Vemos hoy, gracias al interés de nuestro amigo Carlos Eduardo Lagos Campos, un video que nos sacude y nos invita a realizar nuevas miradas en torno a una plaza de mercado que ha sufrido los embistes de la naturaleza y la desidia administrativa.
En este video vemos al presidente de El Salvador, Nayib Bukele, entregando unas plazas de mercado dignas y que rompen y superan ese paradigma lastimero en lo referente al trato que brindamos a quienes optan por realizar su emprendimiento en los mercados o plazas, como tradicionalmente las llamamos.
En Pasto se requiere de ese espíritu innovador y grande, que mire y dignifique esa titánica labor, que administre con grandeza y permita impulsar la economía regional. El Potrerillo es una de las mayores generadoras de empleo y sostiene financieramente muchas de las iniciativas empresariales y comerciales de nuestro municipio.
No obstante, vemos cómo se maneja de una manera poco creativa, apegada a costumbres y tradiciones de pobreza y abandono. Se suman factores de inseguridad y ausencia de una infraestructura vial.

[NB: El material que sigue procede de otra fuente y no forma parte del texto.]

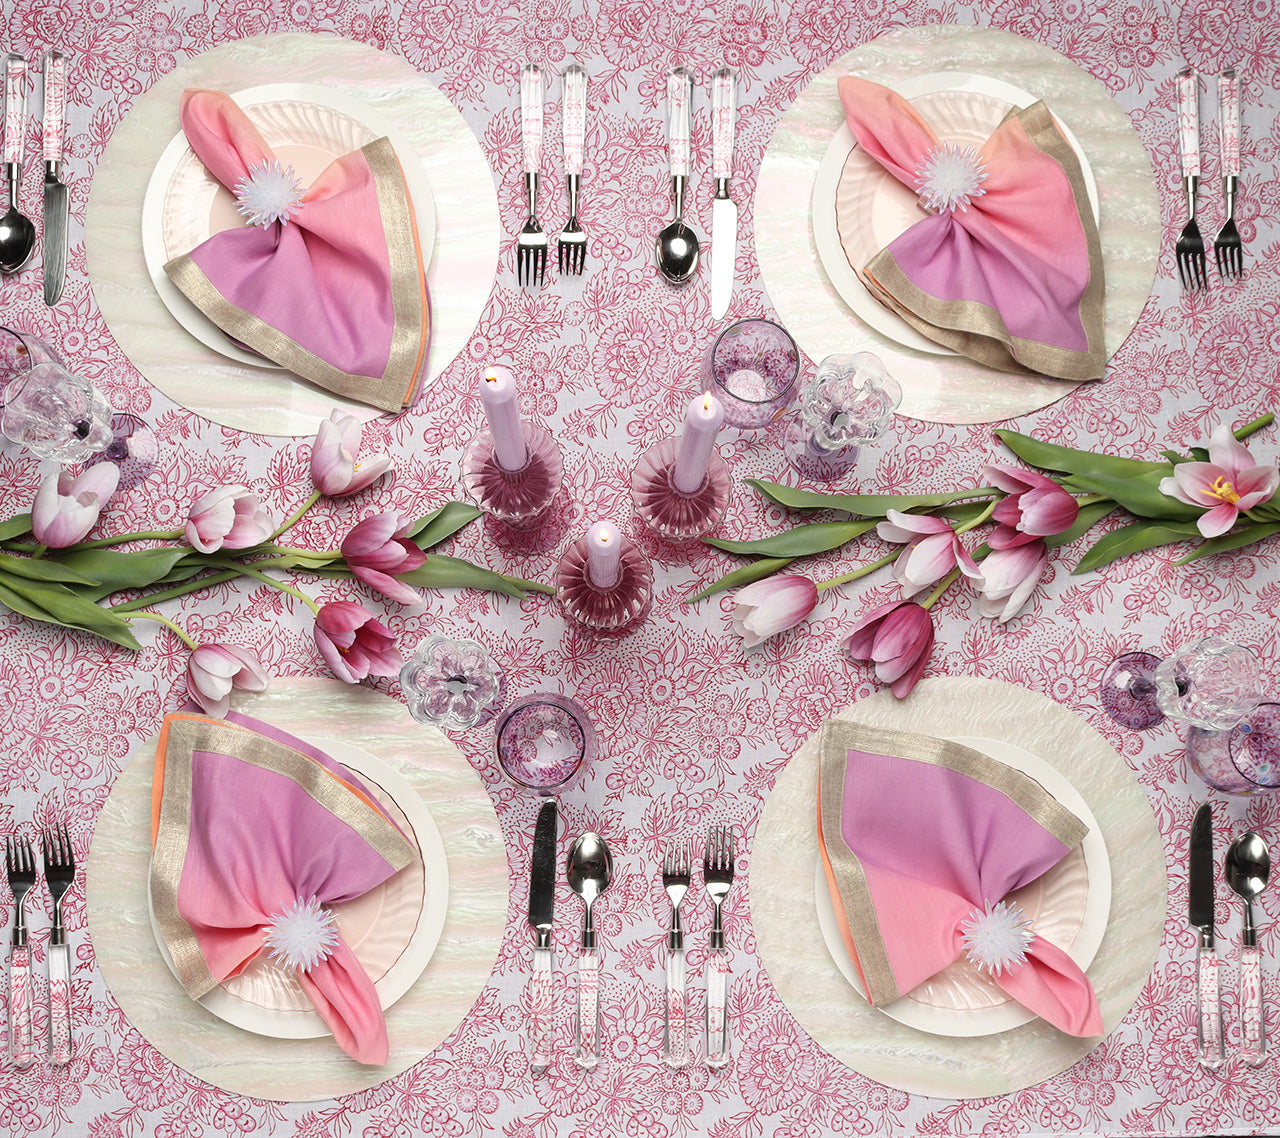 Overhead view of a table set with four place settings including Luxury Dip Dye Napkins in sorbet

Todo indica que nos hace falta la mentalidad de un Bukele, que no se apega a esas viejas costumbres comerciales y, por el contrario, visiona dignidad para esa gente del pueblo que cotidianamente nos ofrece algo más que productos alimenticios.
Los recursos de regalías son significativos; lo pequeño y estrecho es la mente de nuestros empresarios, que todo lo dimensionan mediante cuotas políticas que significan atraso, pobreza y miseria. Su alma no les alcanza para más y condenan a los pueblos a esa perpetua y permanente creencia de que eso es lo único que merecen por su labor.
En vez de sentarnos a llorar por esta tragedia, iniciemos una cruzada de dignidad con nuestras plazas de mercado y sus usuarios. Que mercar no sea un riesgo y una zozobra, que nuestras “marchantas” sientan la mano amiga y noble de sus gobernantes. Queremos volver a esas plazas en las cuales el saludo y la ñapa se entrecruzan entre sonrisas y muestras de fraternidad.
Mientras únicamente actuemos pensando en cuotas políticas, en repartir el pastel y apoyar actitudes e iniciativas ridículas y dignas de unos verdaderos payasos, no tendremos esa grandeza de transformar espacios y sembrar ciudad.
Quizá esta es una oportunidad para repensarnos como pueblo y cultura. Que esas imágenes de El Salvador se escenifiquen en Pasto y en Colombia entera.